Discussion in 'Hunting' started by Matthew Temkin, Feb 9, 2020.
My daughter on the left and her friend.
Love to see the ladies with a gun. I raised two daughters and both like to shoot.
It's always good to see girls and women hunting.
I've had more fun teaching my wife to hunt than doing it myself. I can only imagine the pride you feel teaching your daughter.
You are lucky to have both your wife and daughter in to shooting and hunting.
How did they do deer hunting?
Looks like a nice set of woods to hunt in.
It sure seems like more ladies hunt up north than down south.
I don't know... seems like a lot of 'em hunting in my area.
I see about 3 to 4 females hunting each time I go to a public WMA. Mostly, they are in their 20s and 30s.
One of the most successful women I know of is a 40+ divorcee who kills more and bigger bucks than I do.
Cute girls and looks like some nice deer country behind them!
My daughter shot a 4 pointer two hours after the photo was taken.
Her friend had missed a doe the day before.
It might depend on what kind of hunting we are talking about. Across the board I believe more women/females hunt today...than when I was growing up. But even back then....it was not uncommon for the 'girls' to go along on bird hunts (primarily Dove and Quail) where I live (Texas). And I don't mean as just an excuse to be around the boys. These ladies could SHOOT!
Deer hunting (in Texas) has been somewhat a family affair for many decades here and a good many Ladies make at least a few forays out into the fields. My own Daughter started hunting (Deer, Hogs, Birds, Varmints) at age 9. She is 33 yrs. old now and still hunts as she has time. It is worth mentioning...she has consistently out-hunted her Boy Cousins over the years in friendly competitions and they would be the first to admit it.
I don't know how this compares to the Northern States...but I am pleased to see women participating in the hunting/outdoor sports, regardless their geographic location.
Great job raising your daughter and she has now got her friend hunting . That is good for the future of hunting and gun rights .
They both have boyfriends who never hunted before who want to so it will be a case of the women teaching the men.
Historically, a hunter is a provider. These days... and this is not a comment on any individual, and it varies as to why and to what degree... too many "men" haven't learned how to be men and provide. My more recent understanding of Appalachian culture is that, while a man is going about his days work, his wife might get in a little small game hunting midday to have some meat for supper and maybe the next day or two. So, with division of labor, they're both providing. In our more modern context, the guys may have to just check the egos at the gate and be willing to learn. There's always something to learn. Wanting to learn helps.
A tradition is being passed on to a newcomer. Does not matter who is teaching who. Awesome to see youngsters taking up the sport.
I recall some years back, one of the guys in country music was always on the Outdoor Channel... said he learned turkey hunting as a kid in Texas... from his grandmother.

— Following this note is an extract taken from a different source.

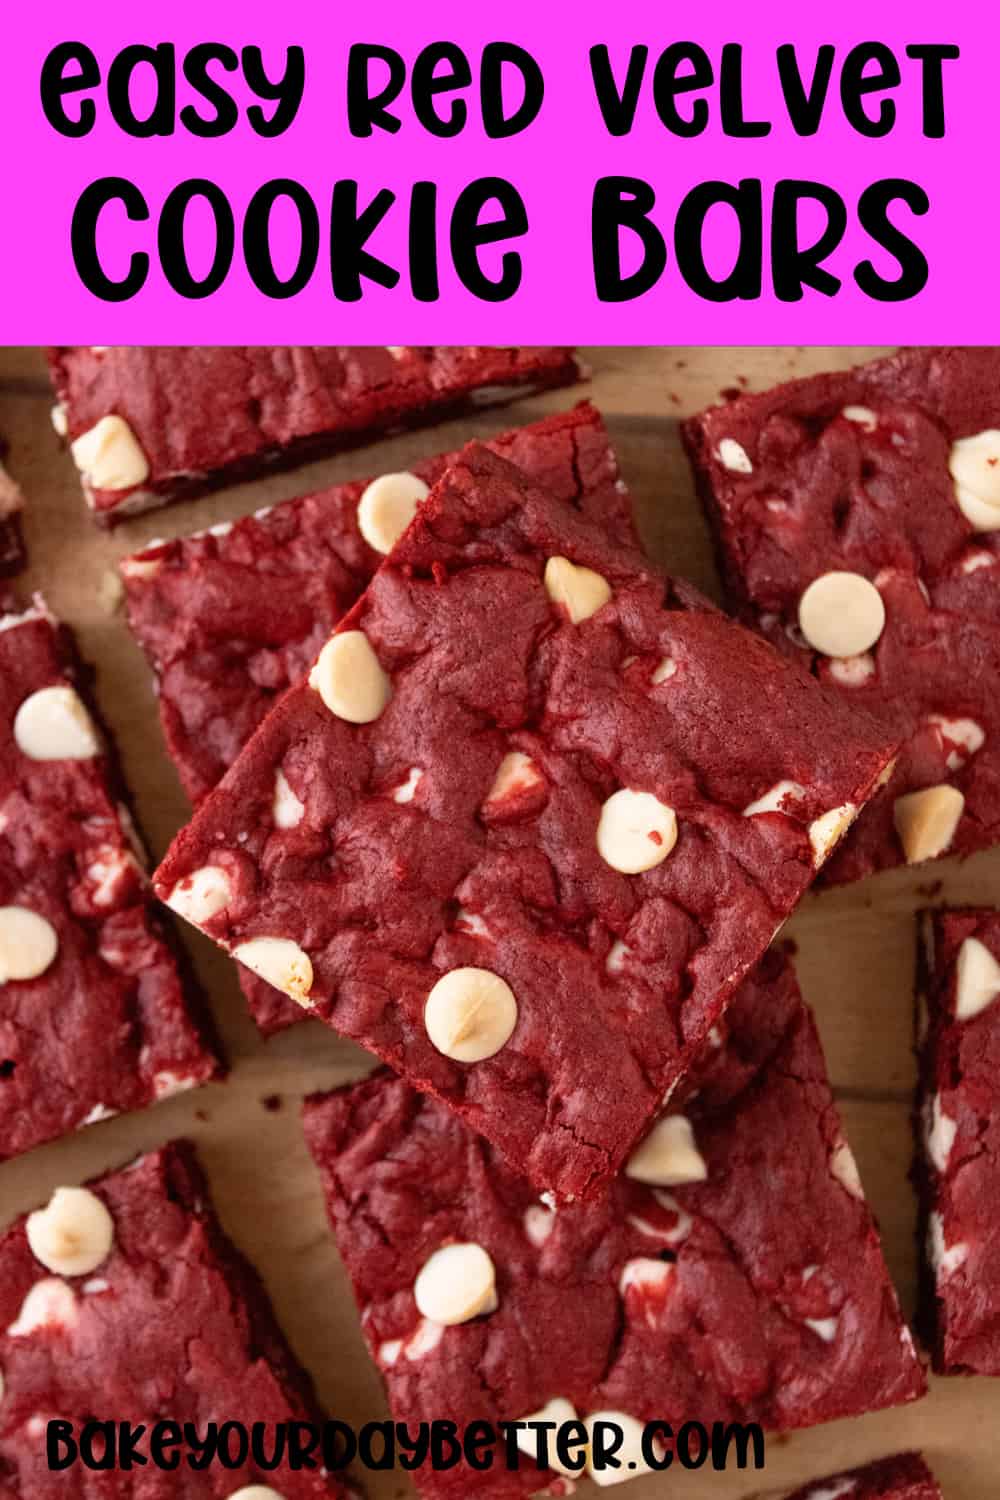 easy red velvet cookie bars - finished red velvet bars on cutting board

There's only one way to choose a dog: from a proven hunting lineage. In some cases when they don't have a long history of hunting in previous generations, a sufficient amount of dedicated training can overcome the root problem. Some need more time than others but after two seasons at most you know which way it's going to be. Dedication, enthusiasm and will to learn is everything.
The same principle applies to in-laws.
Usually when our prospective in-laws-to-be meet me and the rest of the family, they get a pretty clear picture of what's going on. The rest is up to them. Then again, we welcome proficient kitchen hands warmly as well while the rest of us hunt.
While one keeps the fire going and a pot of stew going, it frees others to hunt. Another may process firewood or meat while another may have to go for water. Who's seeing to the horses? Who-all's working hides into buckskin? It takes everybody.